Acta ortop. bras. vol.22 no.2 São Paulo  2014 

Original Articles

Influence of exercises on patellar height in women with patellofemoral pain syndrome

Lilian Ramiro Felicio 1  

Ana Claudia Spechoto Camargo 2  

Augusto do Prado Baffa 2  

Débora Bevilaqua-Grossi 2  

1Centro Universitário Augusto Motta, Rio de Janeiro, RJ, Brazil

2Faculdade de Medicina de Ribeirão Preto, Universidade de São Paulo, Ribeirão Preto, SP, Brazil



To evaluate the patellar height of volunteers with and without patellofemoral pain syndrome (PPS) during maximal voluntary isometric contraction (MVIC) in open kinetic chain (OKC) and closed kinetic chain (CKC) exercises.

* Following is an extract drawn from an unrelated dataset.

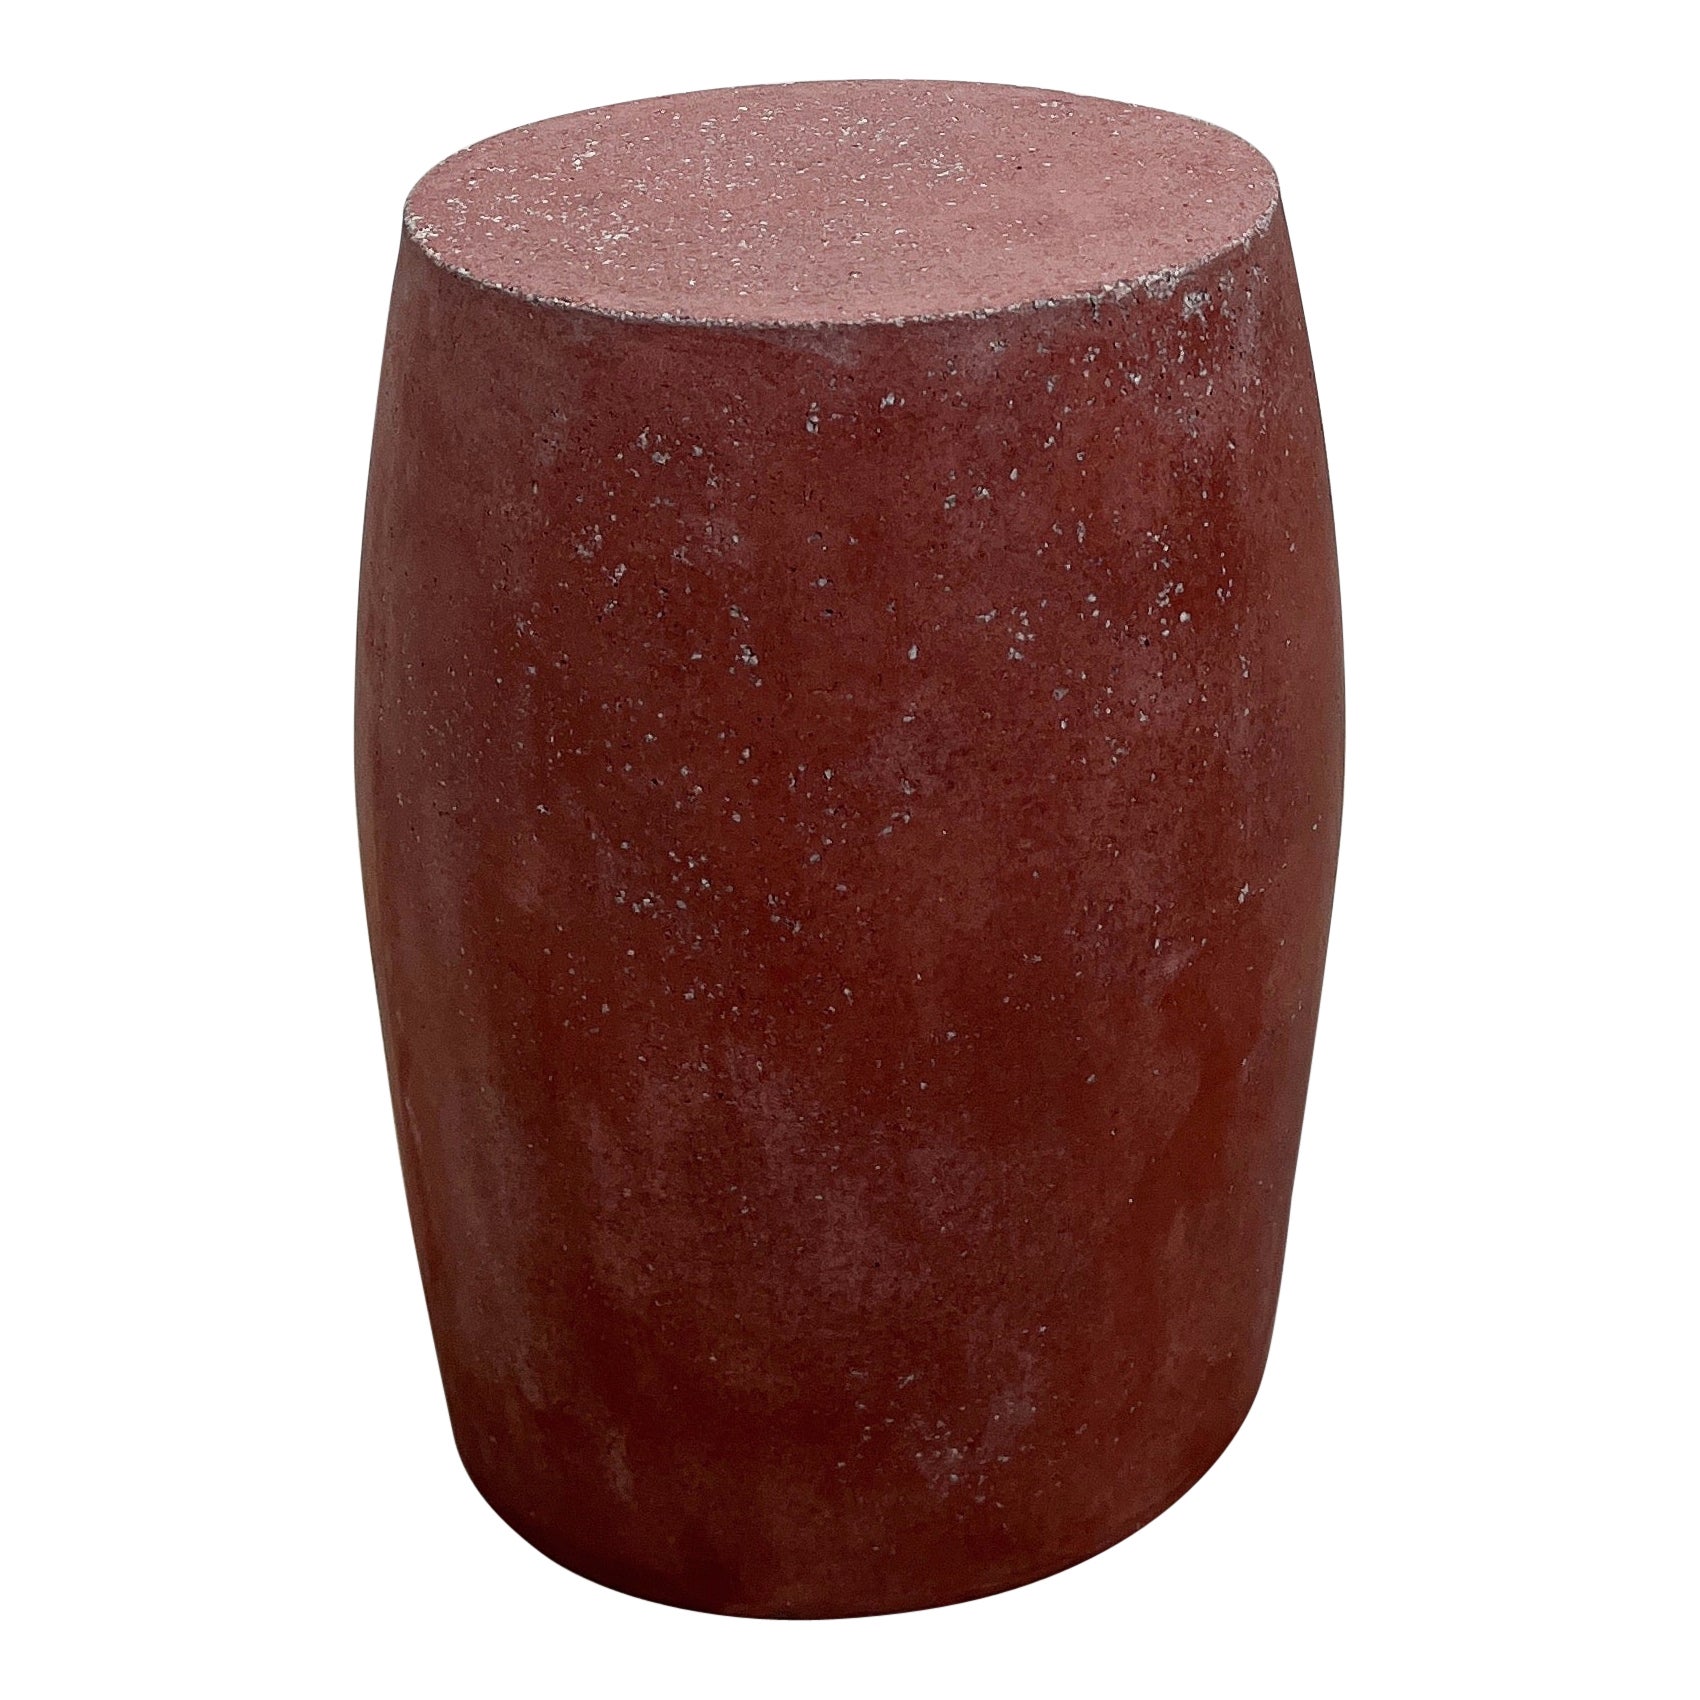 Cast Resin 'Barrel' Side Table, Sedona Red Finish by Zachary A. Design
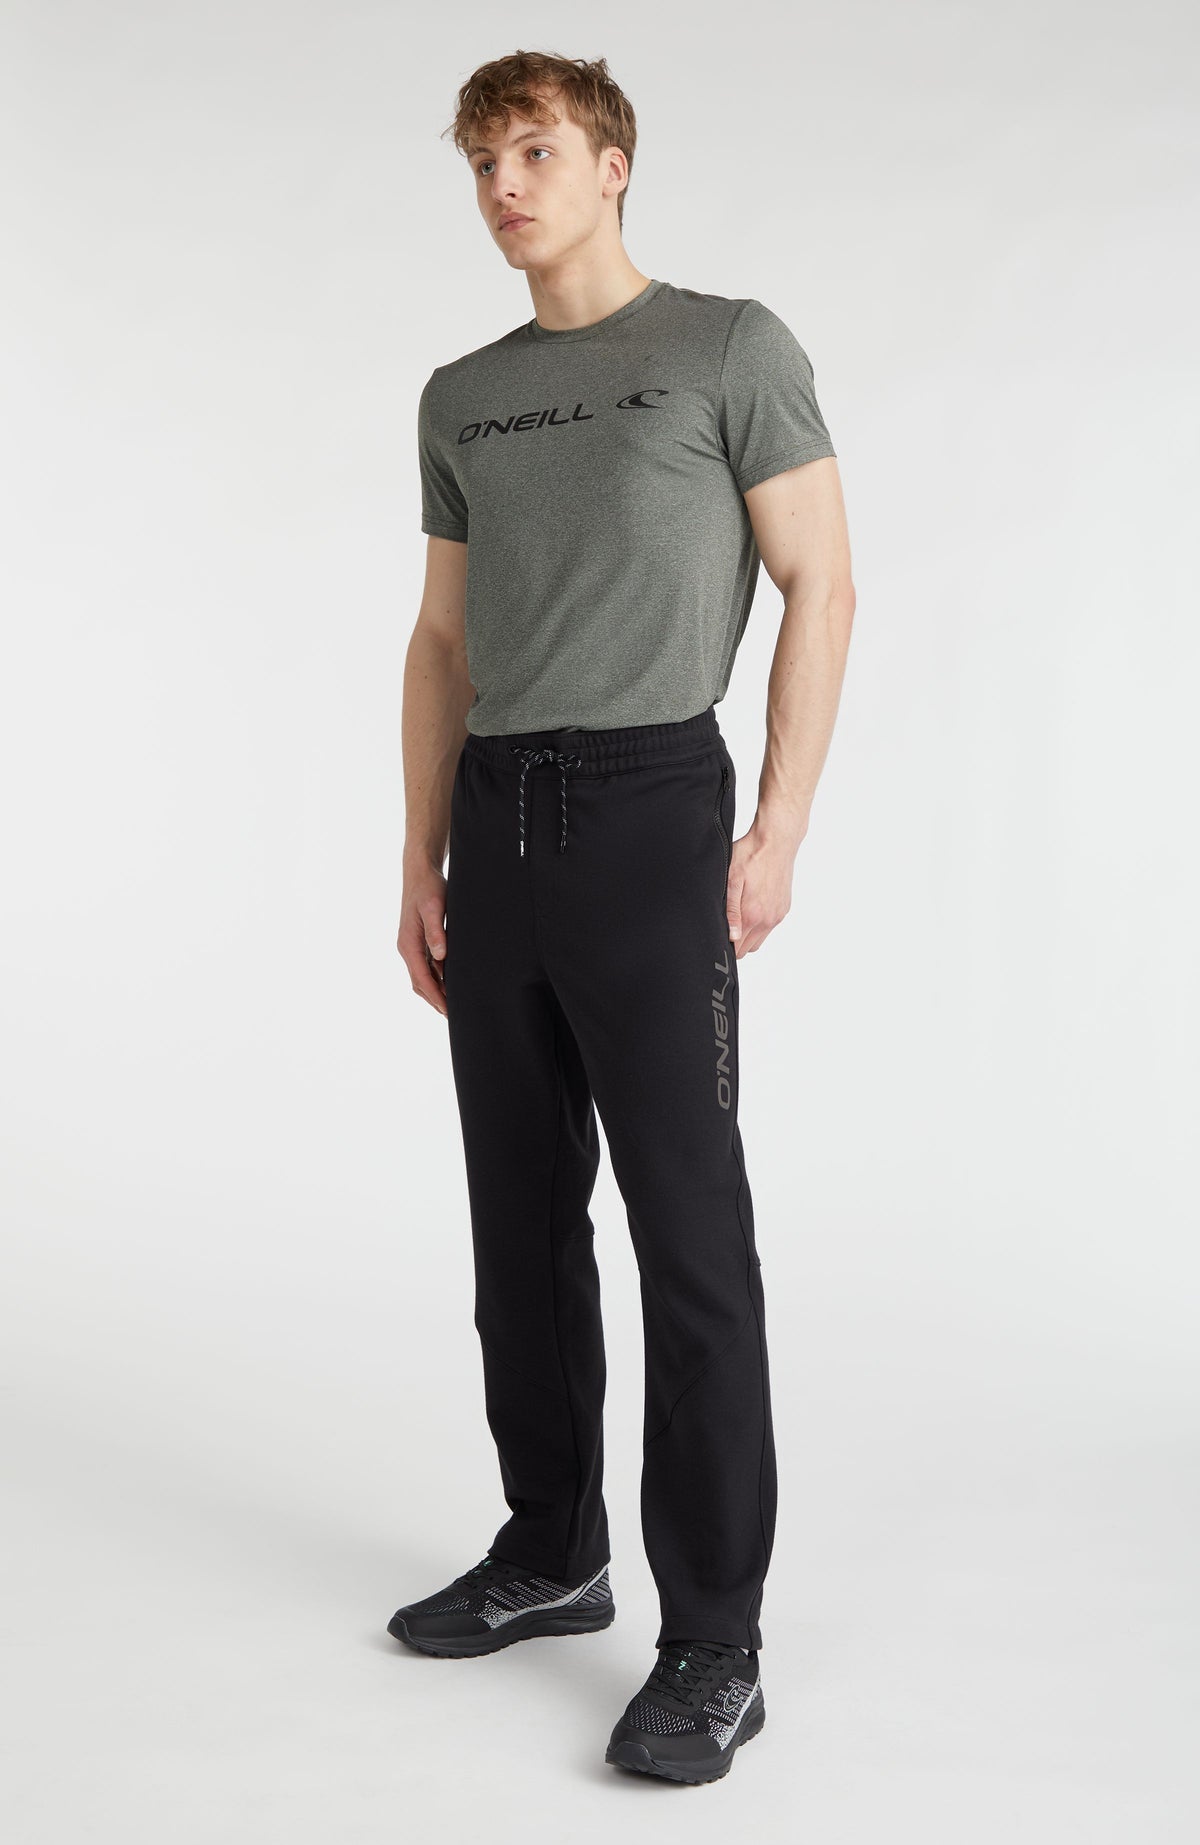 O'Neill Surf State Jogger Pants - Surf State sweatpants

Twenty healthy women, and nineteen women with patellofemoral pain syndrome were evaluated and subjected to nuclear magnetic resonance imaging during rest and MVIC in OKC and CKC at 15°, 30°, and 45° knee flexion. The patellar height was assessed by the K-Pacs program,using the Insall-Salvati index. For each exercise and knee position, patellar height was measured three times and the procedure was repeated after seven days.


These data did not confirm our hypothesis that OKC exercises promote increased patellar height.


Patellar height is not associated with PPS and suggests that CKC exercises lead an increased patellar height during knee position at 15º and 45º flexion for the PPS group. Level of Evidence II, Comparative Prospective.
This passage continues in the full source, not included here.